Pouco se sabe sobre sua vida privada além do que foi colocado acima, com as fontes de
cunho institucional, que são as únicas disponíveis sobre o indivíduo, deixando poucas
oportunidades para enxergar esse ângulo da narrativa. Mas algumas colocações em seu processo
inquisitorial possibilitam inferir que ele vinha de família com certo grau de importância e com
posses. Ele alega em seu inventario, por exemplo, que havia ainda de receber herança de seus
pais, inferindo uma quantidade ao menos notável de bens acumulados por sua família. Há
também o fato de que cursou matemática na citada Universidade de Coimbra, sendo natural,
como já dito, de Olivença, feito esse possível apenas para as classes mais favorecidas da
sociedade, com condições de sustentar o estudante durante sua estadia fora de casa.

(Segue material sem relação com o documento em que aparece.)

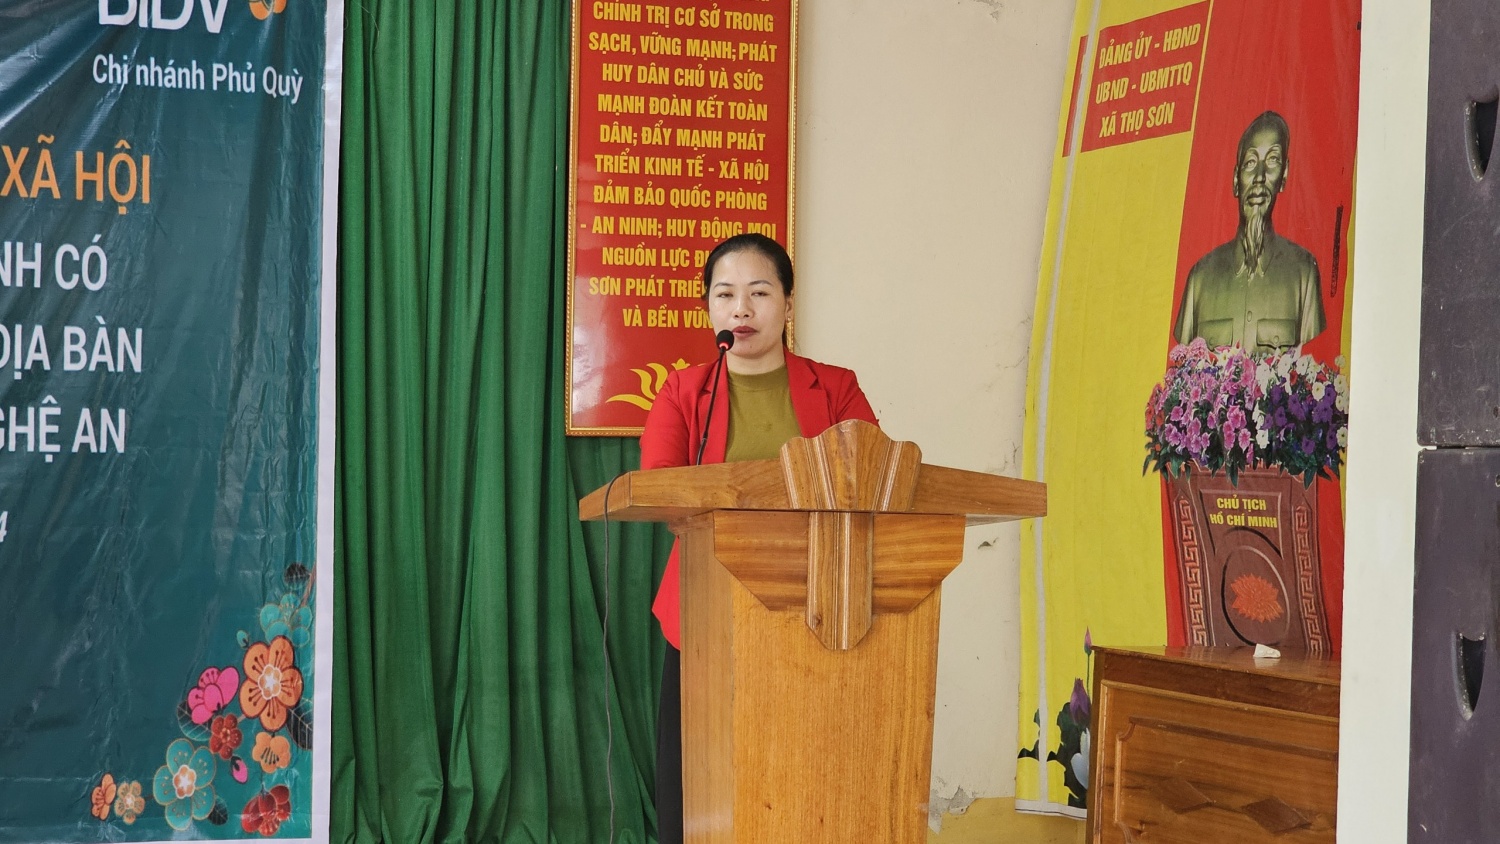 Tạp chí Năng lượng Mới phối hợp cùng BIDV tặng 200 suất quà cho người dân huyện Anh Sơn (Nghệ An)
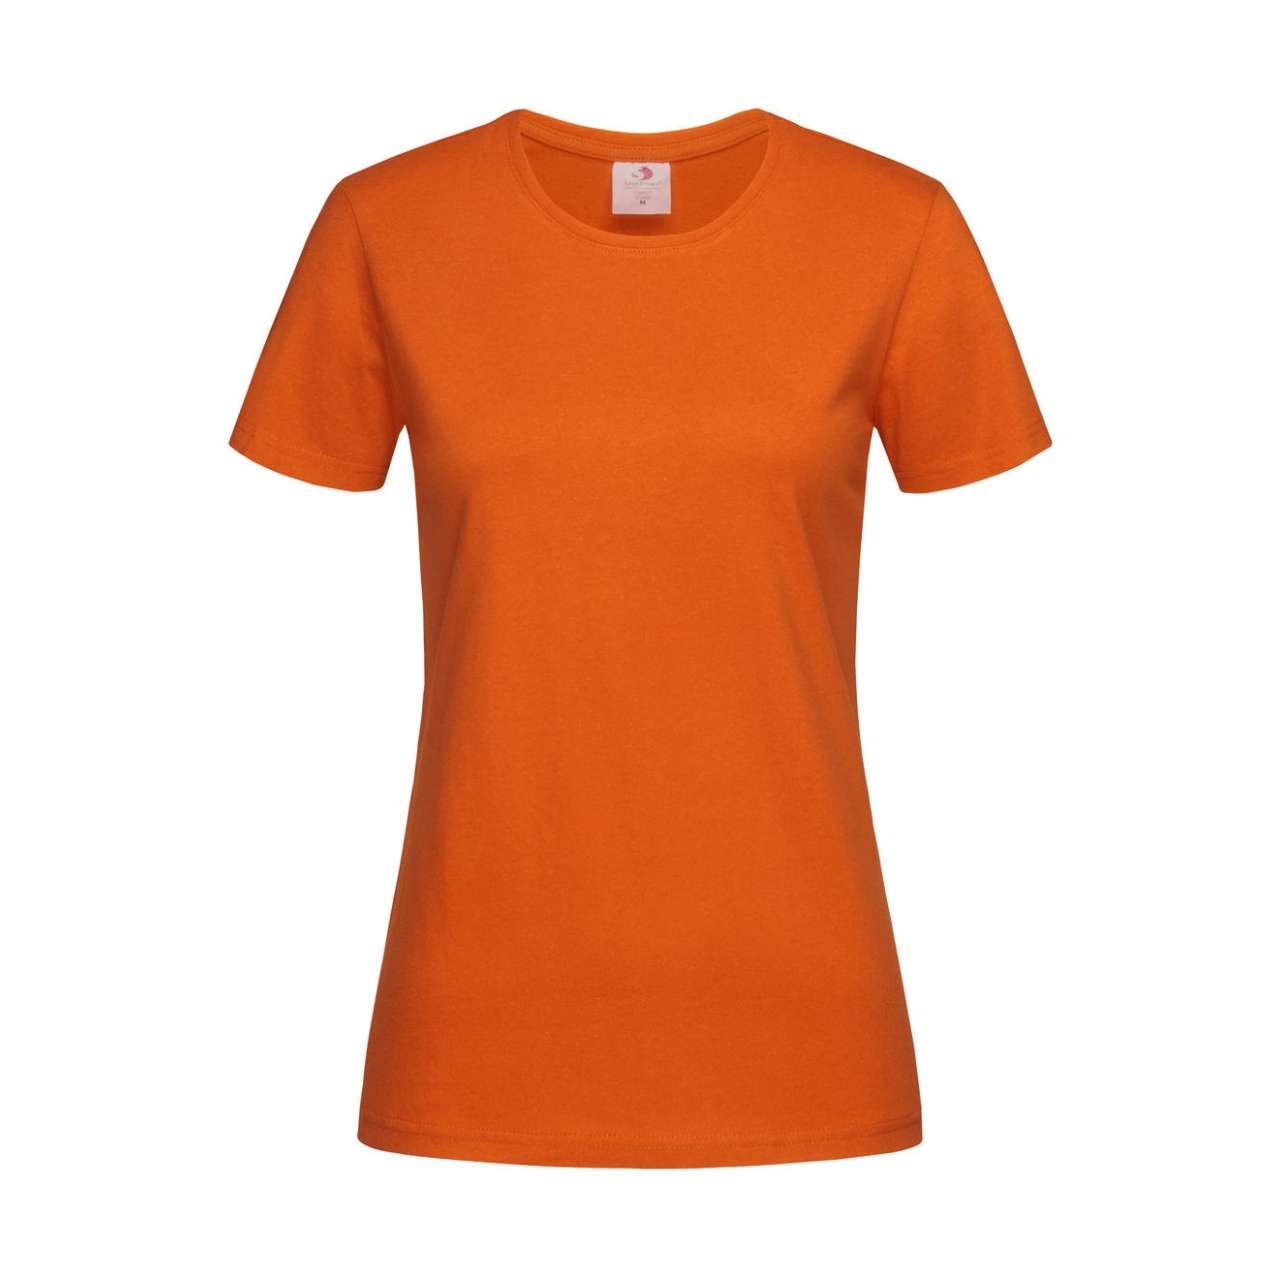 Tričko dámské Stedman Fitted s kulatým výstřihem - oranžové, S

Manoel fora denunciado por alguém que o presenciou publicamente negar e distorcer a
fé, o que caracterizava apostasia e heresia, respectivamente. Manoel se tornou réu em um
processo que durou pouco mais de um ano e culminou em uma branda penitência. Tal
experiência, contudo, em nada impediu o militar e intelectual de continuar sua carreira e de
assumir importantes cargos, como foi visto anteriormente. Seu julgamento perante o Santo
Oficio, contudo, traz à tona outros lados de sua vida intelectual que se mostram bastante
pertinentes ao debate historiográfico de Portugal durante os setecentos.
As luzes de Portugal
Manoel do Espirito Santo Limpo foi preso em 28 de janeiro de 1778, de acordo com a
primeira página de seu processo inquisitorial, apesar do mandato acima datar de 4 de janeiro de
1777. Após começado o processo, os Inquisidores se propuseram a “alcançar a verdade” a
respeito das denúncias de “depravidade” feitas por Joaquim Vicente Pereira de Araújo 6,
encaixando-se como heresia e apostasia, como visto acima. O próprio Manoel não escondeu
seus feitos e confessou serem verdadeiras suas falas contra Deus e a religião. Sua condenação
foi definida em 16 de outubro de 1778 e teve como punição a obrigação de se confessar em
quatro alturas festivas da Igreja Católica: o Natal, a Páscoa, a Ressurreição do Espírito Santo e
a Assunção de Nossa Senhora, e a rezar a cada semana um terço à Virgem Maria e, nas sextas
feiras, cinco Pai Nossos e cinco Ave Marias. 7
Não há como saber se Manoel cumpriu sua penitência, mas não há dúvidas de que essa
foi levíssima dadas as acusações e confissões. Pode-se conjecturar, diante da procedência dos
fatos do processo, que Manoel não tinha outra intenção senão confirmar as denúncias e assumir
seus discursos contra a fé na presença dos inquisidores. Isso pode ter sido feito na esperança de
que a sua penitência fosse branda, e talvez até para a possível salvação de sua alma, mas não se
Importante aqui salientar que essa inquisição não era mais a mesma que fora no passado,
tendo sofrido alterações no âmbito do processo reformador do Marquês de Pombal. Como
pondera Luís Ramos: “O Regimento de 1774, publicado pelo Marquês de Pombal, seculariza a
Inquisição, coloca-a na dependência da Coroa, formula um violento requisitório contra os
jesuítas, ataca o sigilismo e testemunha mudanças de vulto no aspecto penal” (RAMOS, 1988,
p. 173). Com isso em mente, é possível considerar a possibilidade da atitude de Manoel ter sido
uma afronta diante das autoridades desta Inquisição “castrada”, agora secularizada, e que não
podia punir em bases puramente religiosas. Esta Inquisição reformada, contudo, serviu à clara
empreitada política da nova monarca portuguesa, Maria I, que queria enfraquecer os aliados de
seu antigo rival, Pombal, e qualquer outro elemento subversivo dentro de seu reinado, no
movimento que ficou conhecido como “Viradeira” (MAXWELL, 2001, p. 162).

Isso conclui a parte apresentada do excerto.